# Frame Build



## Hanny (Aug 2, 2020)

Powder coat garage build


----------



## Hanny (Aug 2, 2020)

Hollander fittings..$7.99 on eBay. Aluminum tubing $2.90/ft, Powdercoat $5.00/ft


----------



## Hanny (Aug 2, 2020)

Downriver is 6 month wait for double the cost


----------



## gwheyduke (Jul 3, 2008)

Where did you get it powder coated? I like the color. Looks a little wide, but it will certainly work.


----------



## wdeutsch (Apr 27, 2020)

Damn. Looks sharp! Where did you find aluminum tubing for $2.90/ft? I just did a rebuild on my frame and couldn't find anything NEARLY that cheap! (1.25" or 1.5" tubing?)


----------



## Bkgarlington (Jan 18, 2021)

That’s clean looking. It’s a ton of fun to build your own and and have the gratification on the rover.

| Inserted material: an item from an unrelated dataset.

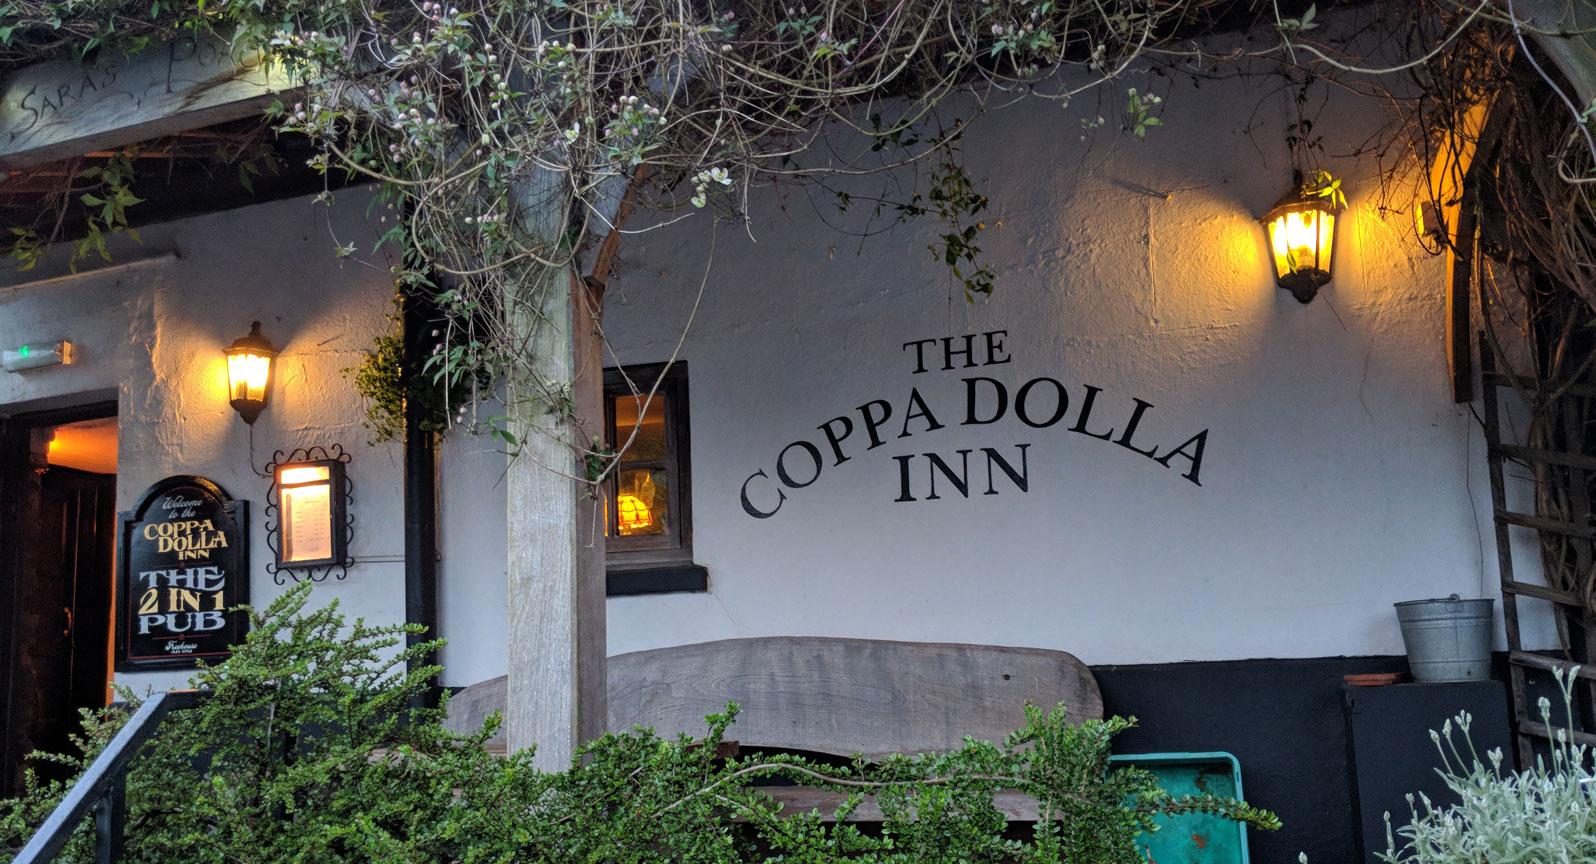 The Coppa Dolla Inn, Devon
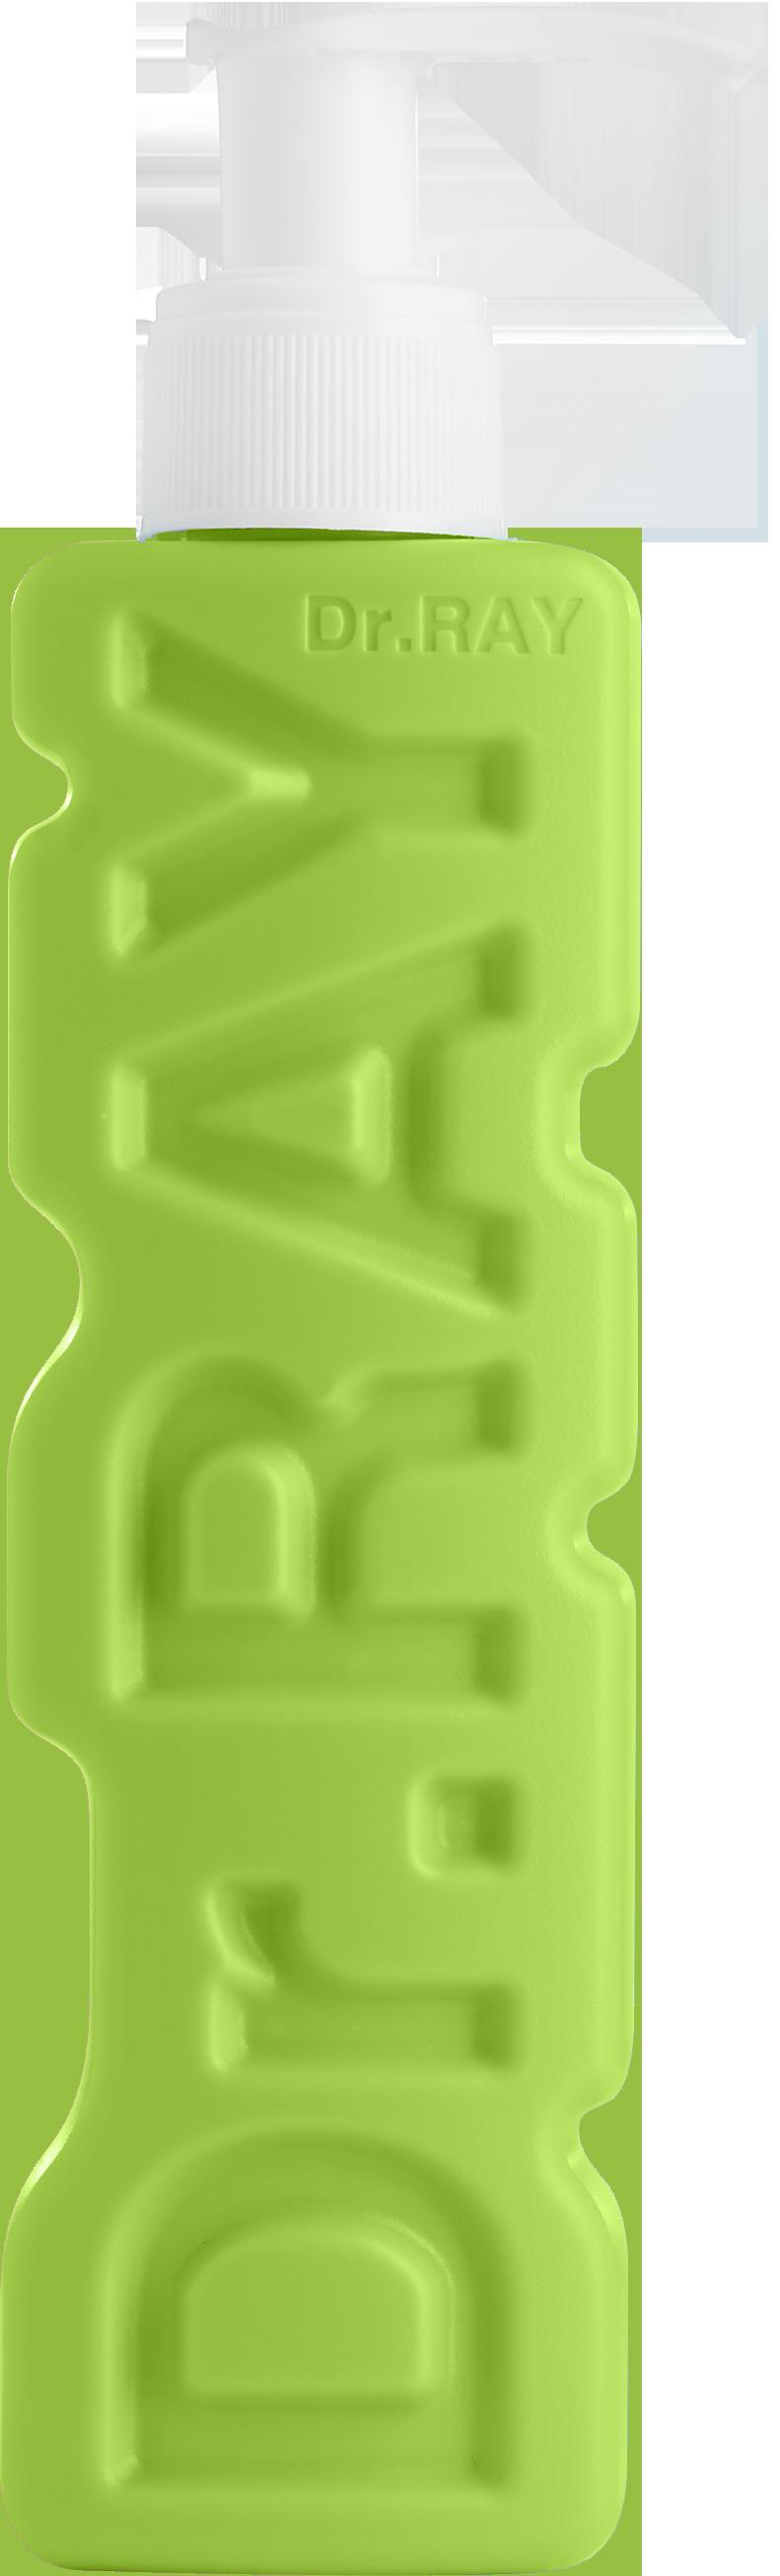 toothpaste wintergreen oil 150g.

Do those fittings attach with set screws? Do people drill those out and through bolt or pin for added strength?


----------



## wdeutsch (Apr 27, 2020)

Bkgarlington said:


> That’s clean looking. It’s a ton of fun to build your own and and have the gratification on the rover.
> 
> Do those fittings attach with set screws? Do people drill those out and through bolt or pin for added strength?


Set screws, generally. Can't speak for anyone else but I haven't had anything shift in a couple years on the river (including a grand trip). When I took mine apart to reconfigure recently, it took more than a couple taps with a hammer to get the fittings to release. So, even if the set screws loosened, I doubt you'd have a lot of trouble. That river grit fixes things up REAL good!


----------



## upacreek (Mar 17, 2021)

Dude that metallic flake powder coating is SHARP AF. I remember way back when every bass boat had a paint scheme like that, and then Schwinn later copied the coolness to making bikes/bags with the stuff.


----------



## Whitewater Worthy Equip (Dec 11, 2013)

Your frame looks great!!!

The width is exactly how we build ours...outside of chafe strip. It allows for more real-estate when adding deck boards. It the oars feel to light on the handles or in too low of a gear use a hollaender #30a for tower base and rotate it so the tower is inside the frame. (this will make the towers closer together. I have straight towers in stock that will allow you to tune the height by cutting them down to the correct size.

You got a great price on the pipe. I suspect your supplier has old stock and has not adjusted pricing to reflect current cost. Any powder coating shop with a big enough oven can do that color and anything else on the Cardinal Paint

I weld the corner to the front and rear cross bars and drill the pin the the longitudinal bars at a 45 deg angle. Do Not over tighten the 1/4-20 x 2.5 in bolt on you'll crack the fitting. They make plastic nut caps for the win.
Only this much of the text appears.